ADVNTURE - Adventure

Rand has been sitting in a spaceship at the point (0, 0, 0) for a long time. One day, he got bored and decided to undertake an adventure.

Deciding upon an adventure has several complicated steps. First, Rand chooses a destination point (x, y, z) different from (0, 0, 0) such that 0 <= x <= A, 0 <= y <= B, 0 <= z <= C. To go to this point, Rand travels in a straight line from the origin. As a result, he might encounter several other lattice points in the way. Each part of the journey between two consecutive lattice points encountered is called a phase.( For example if (x, y, z) = (1, 2, 3) then there is only one phase (0, 0, 0) → (1, 2, 3), while if (x, y, z) = (3, 0, 3) then there are 3 phases (0, 0, 0) → (1, 0, 1) → (2, 0, 2) → (3, 0, 3) ).
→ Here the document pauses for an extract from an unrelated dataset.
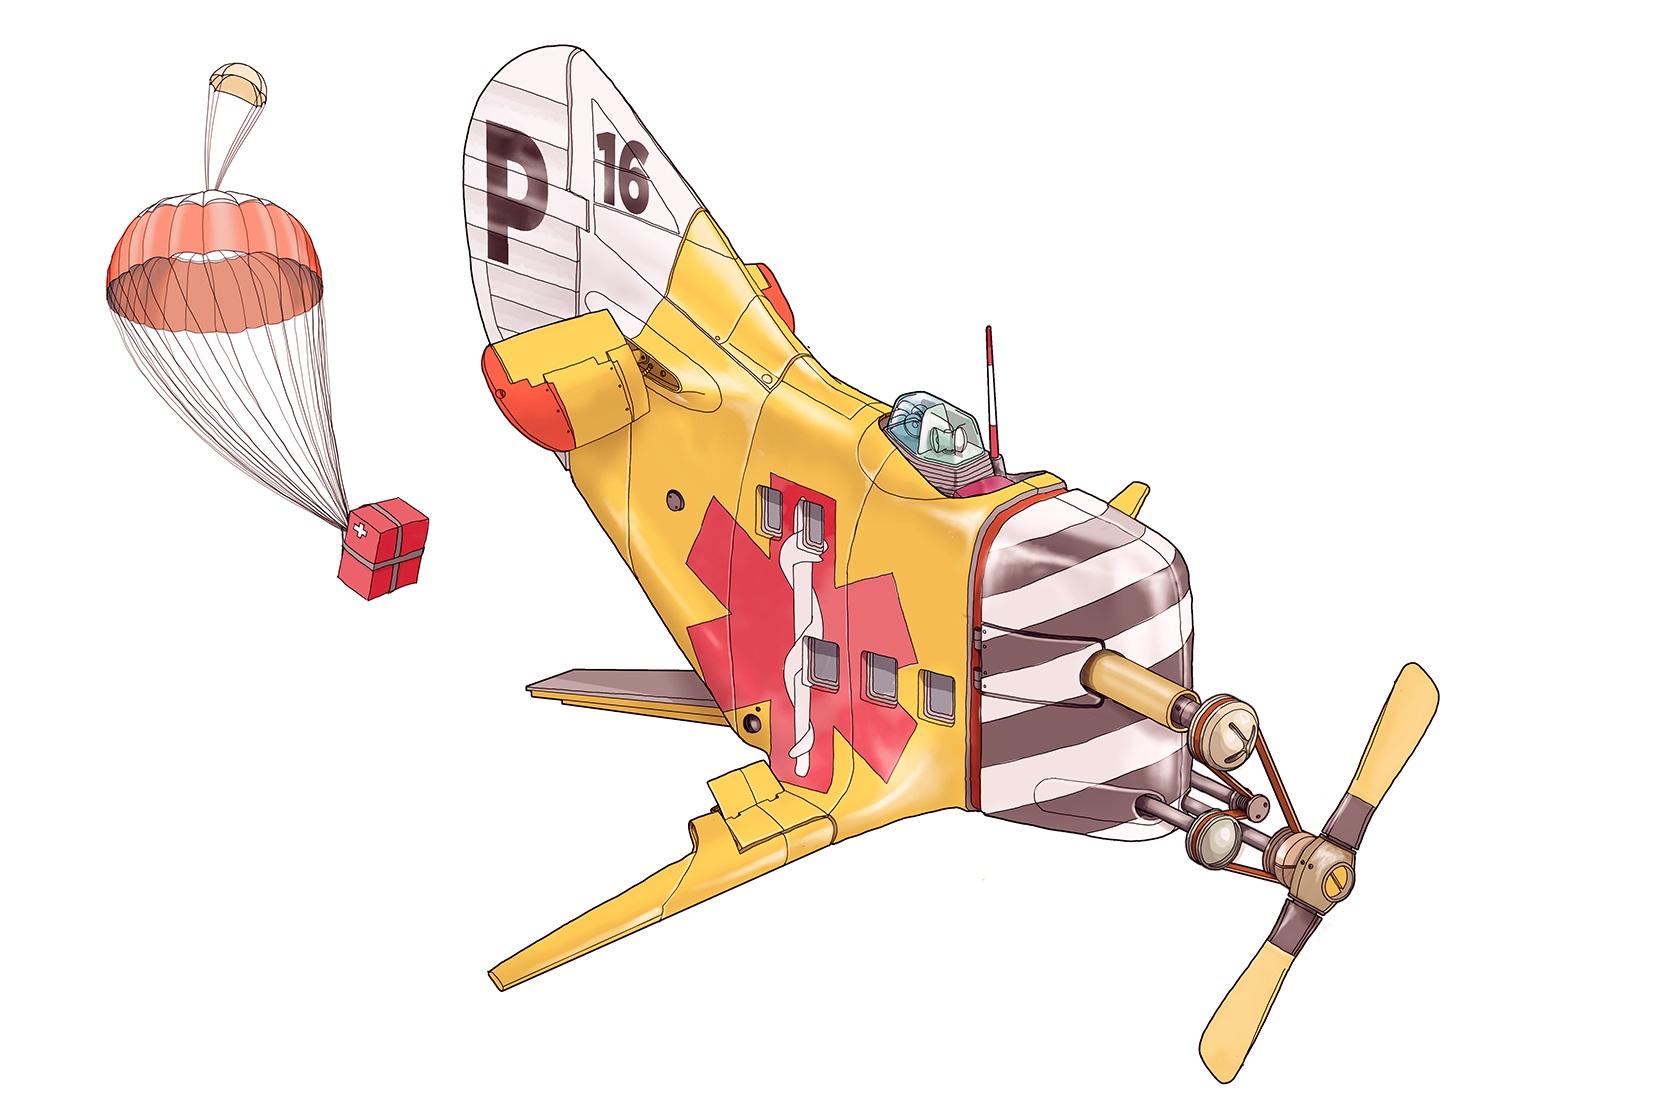 Paramedic Pulley Plane

In each phase Rand chooses one of K different activities that he can undertake to pass the time. You need to calculate the total number of different adventures possible, modulo 1000000007 (1e9+7). Two adventures are considered different if they have different destination points, or if the activity undertaken during any of the corresponding phases is different.

Input

The first line contains the number T, the number of test cases.
T lines follow, each contains the integers A, B, C, K, corresponding to one test case

Output

Output T lines, each with one integer as the answer for the corresponding test case.

Constraints

T <= 1000
0 <= A, B, C <= 50000
1 <= K <= 10

Example

Input:
3
0 0 5 2
0 2 2 5
4 4 4 9 Output: 62
100
53388

Explanation

In the first test case, if Rand chooses (0, 0, 1) as destination point, then there are 2 possible adventures. Similarly for (0, 0, 2), (0, 0, 3), (0, 0, 4) and (0, 0, 5), the number of adventures corresponding to each are 4, 8, 16, 32 respectively. The total number of adventures is 2+4+8+16+32=62.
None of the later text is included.